See the LICENSE for details on permissions and warranties. Please contact [email protected] for more information.
To use the nsidc-metgen
command-line tool, metgenc
, you must first have
Python version 3.12 installed. To determine the version of Python you have, run
this at the command-line:
$ python --version
or
$ python3 --version
Next, you must also install Poetry either by using the official installer if you’re comfortable following the instructions, or by using a package manager (like Homebrew) if this is more familiar to you. When successfully installed, you should be able to run:
$ poetry --version
Poetry (version 1.8.3)
Lastly, you will need to create & setup AWS credentials for yourself. The ways in which this can be accomplished are detailed in the AWS Credentials section below.
- Checksums are all SHA256
- In the data files to be ingested:
- The global attribute "date_modified" exists and will be used to represent the production date and time.
- Global attributes "time_coverage_start" and "time_coverage_end" exist and will be used for the time range metadata values.
- Only one coordinate system is used by all variables (i.e. only one grid mapping variable is present in a file)
- (x[0],y[0]) represents the upper left corner of the spatial coverage.
- x,y coordinates represent the center of the pixel
- The grid mapping variable contains a GeoTransform attribute (which defines the pixel size ), and can be used to determine the padding added to x and y values.
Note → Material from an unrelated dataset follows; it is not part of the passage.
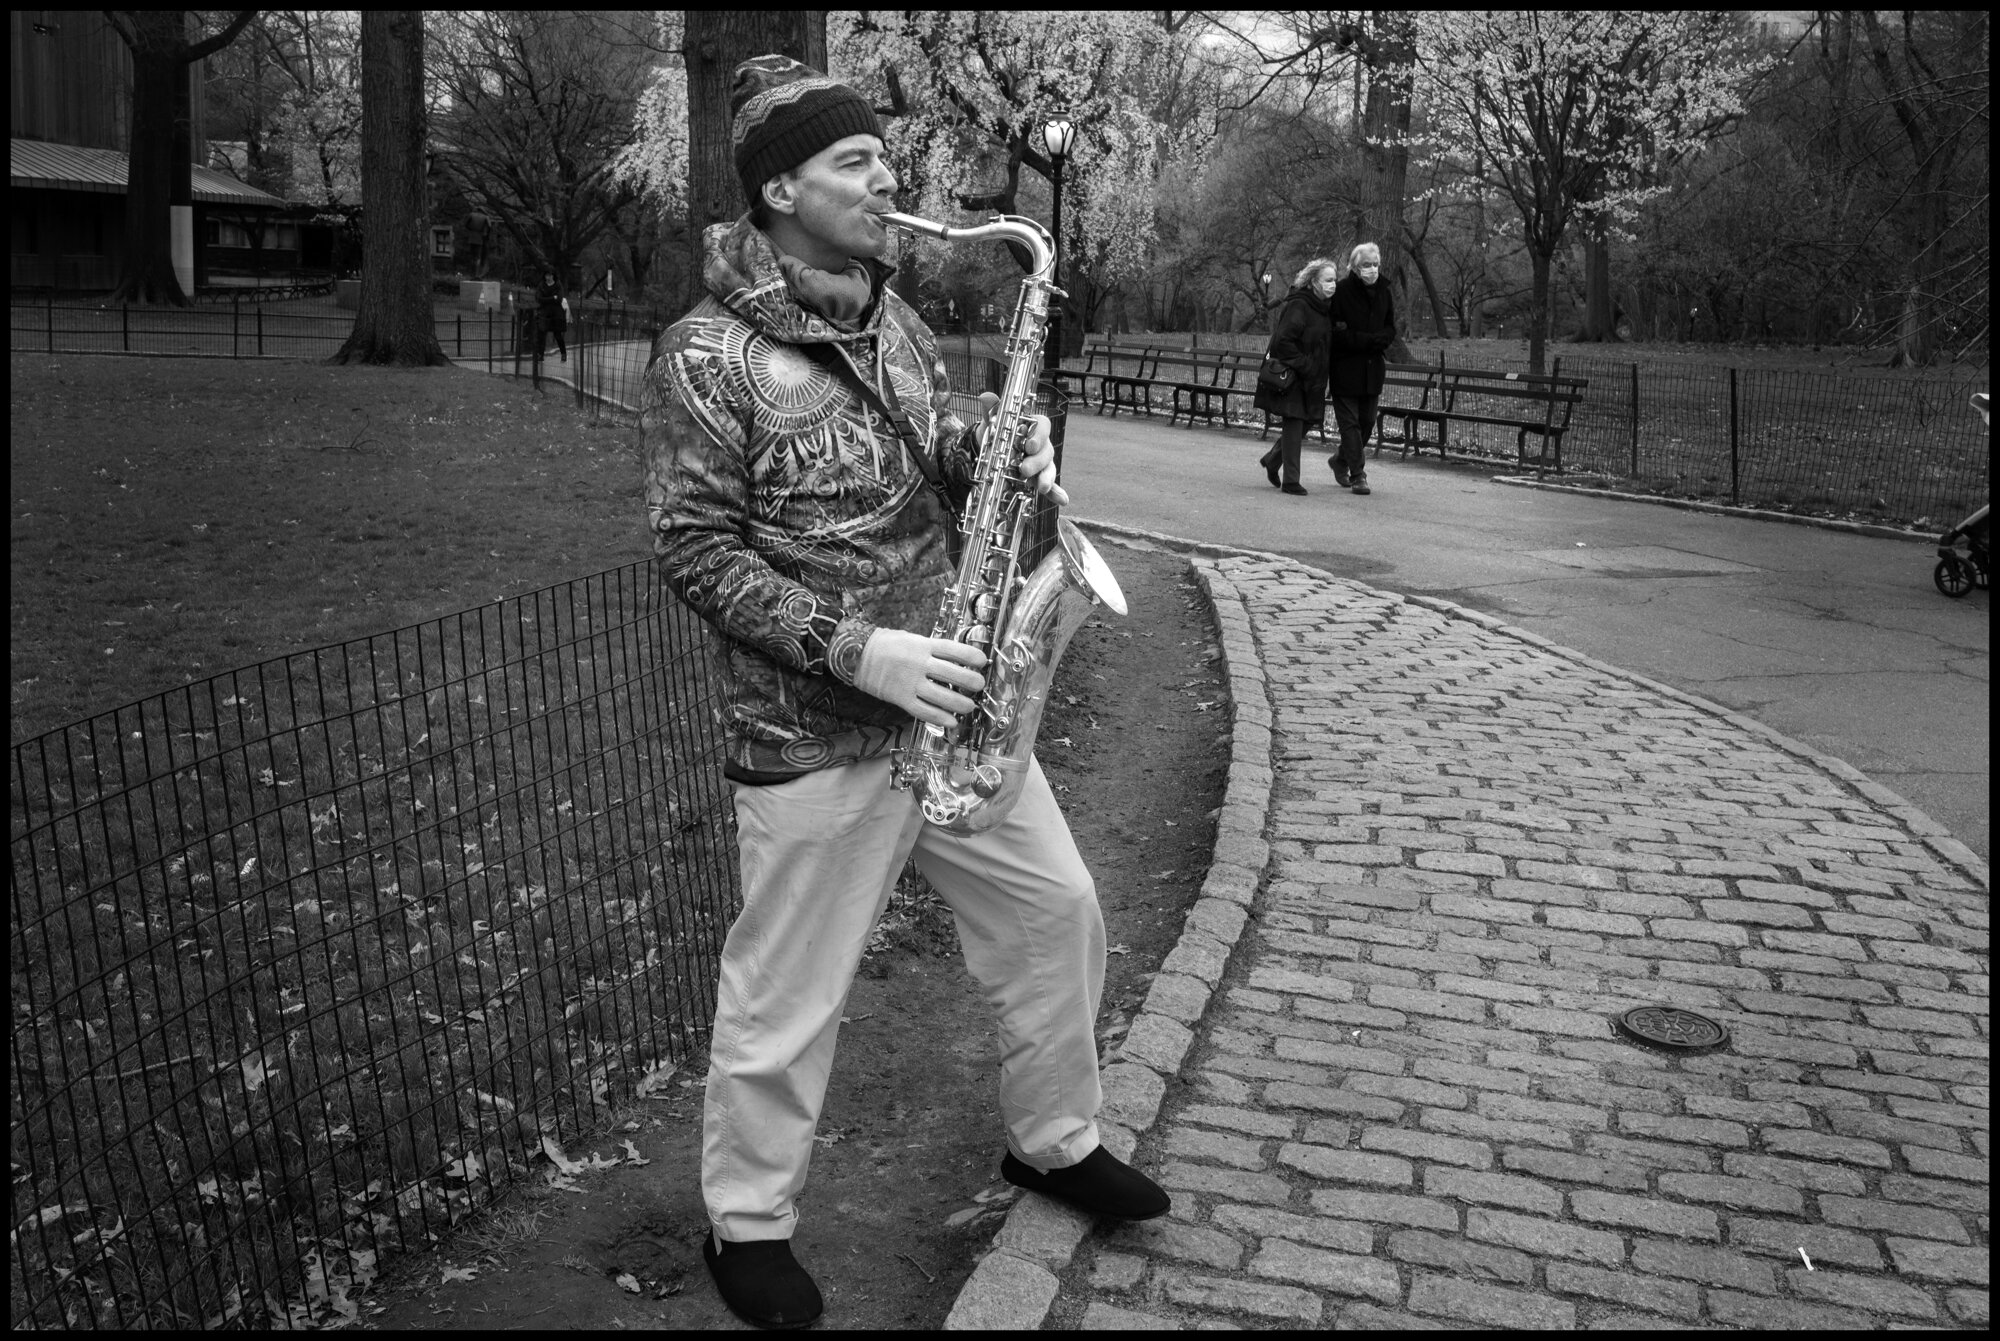  Martin, originally from Manchester, was playing the saxophone in the park. I asked him how he was handling this crisis and he told me, “music is a kind of defiance”. This spoke to me deeply, as I have always felt that way profoundly about photograph
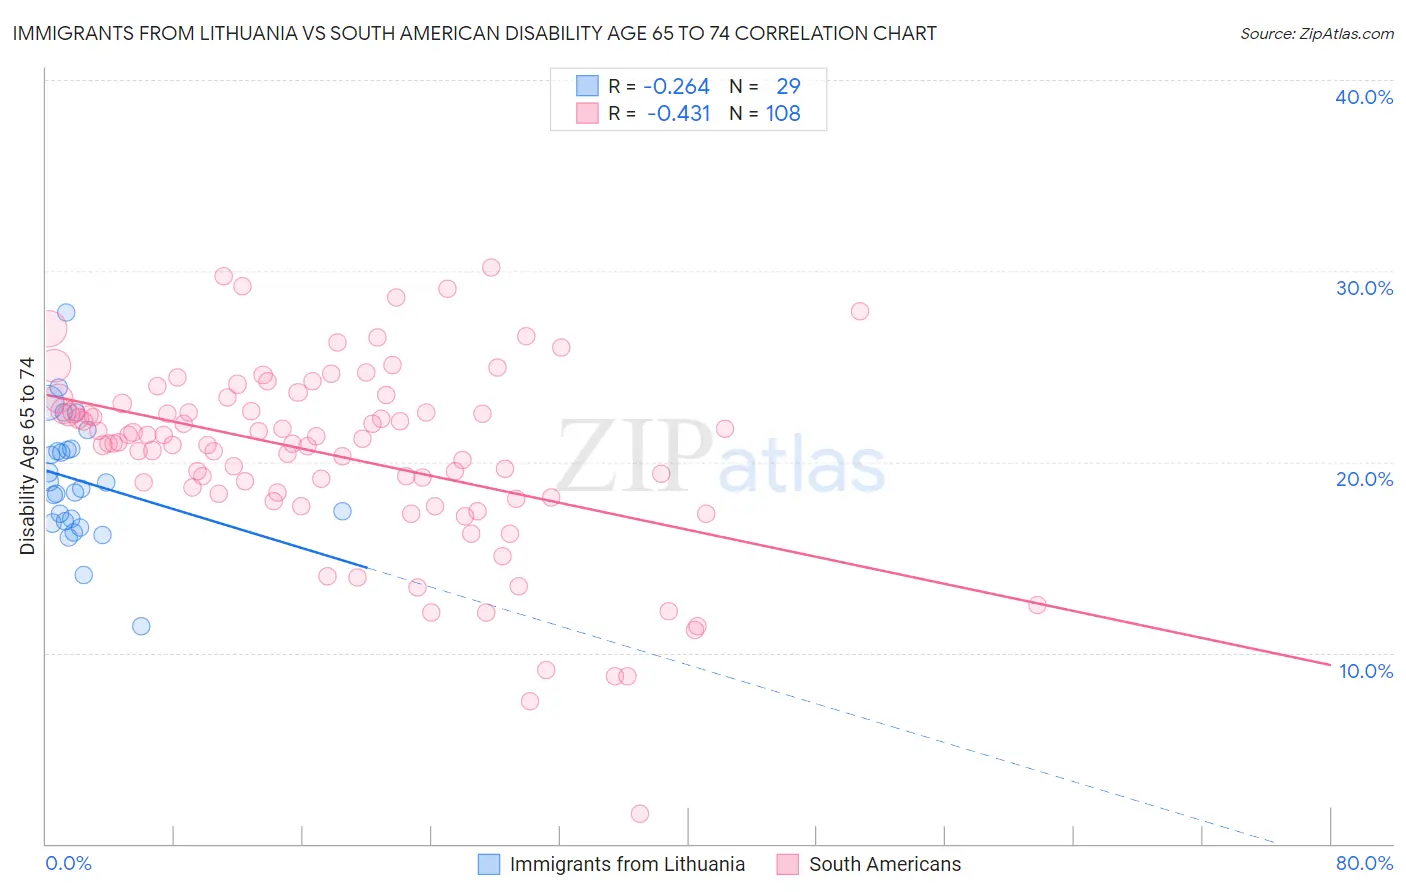 Immigrants from Lithuania vs South American Disability Age 65 to 74

- Date/time strings can be parsed using
datetime.fromisoformat
Make a local directory (i.e., on your computer), and then cd
into that
directory. Clone the granule-metgen
repository using ssh if you have added
ssh keys to your GitHub
account
or via https if you haven't:
$ mkdir -p ~/my-projects; cd ~/my-projects
# Install using ssh:
$ git clone [email protected]:nsidc/granule-metgen.git
OR
# Install using https:
$ git clone https://github.com/nsidc/granule-metgen.git
Enter the granule-metgen
directory and run Poetry to have it install the granule-metgen
dependencies. Then start a new shell in which you can run the tool:
$ cd granule-metgen
$ poetry install
$ poetry shell
With the Poetry shell running, start the metgenc tool JUST to verify that it’s working by requesting its usage options and having them returned. There’s more to do (detailed in the Usage section below) before MetGenC can be run to successfully create ummg files, cnm messages, and stage data to an S3 bucket for ingest!)::
$ metgenc --help
Usage: metgenc [OPTIONS] COMMAND [ARGS]...
Options:
--help Show this message and exit.
Commands:
info
init
process
In order to process science data and stage it for Cumulus, you must first create & setup your AWS credentials. Two options for doing this are detailed here:
First, create a directory in your user's home directory to store the AWS configuration:
$ mkdir -p ~/.aws
In the ~/.aws
directory, create a file named config
with the contents:
[default]
region = us-west-2
output = json
In the ~/.aws
directory, create a file named credentials
with the contents:
[default]
aws_access_key_id = TBD
aws_secret_access_key = TBD
Finally, restrict the permissions of the directory and files:
$ chmod -R go-rwx ~/.aws
When you obtain the AWS key pair (not covered here), edit the ~/.aws/credentials
file
and replace TBD
with the public and secret key values.
You may install (or already have it installed) the AWS Command Line Interface on the machine where you are running the tool. Follow the AWS CLI Install instructions for the platform on which you are running.
Once you have the AWS CLI, you can use it to create the ~/.aws
directory and the
config
and credentials
files:
$ aws configure
You will be prompted to enter your AWS public access and secret key values, along with the AWS region and CLI output format. The AWS CLI will create and populate the directory and files with your values.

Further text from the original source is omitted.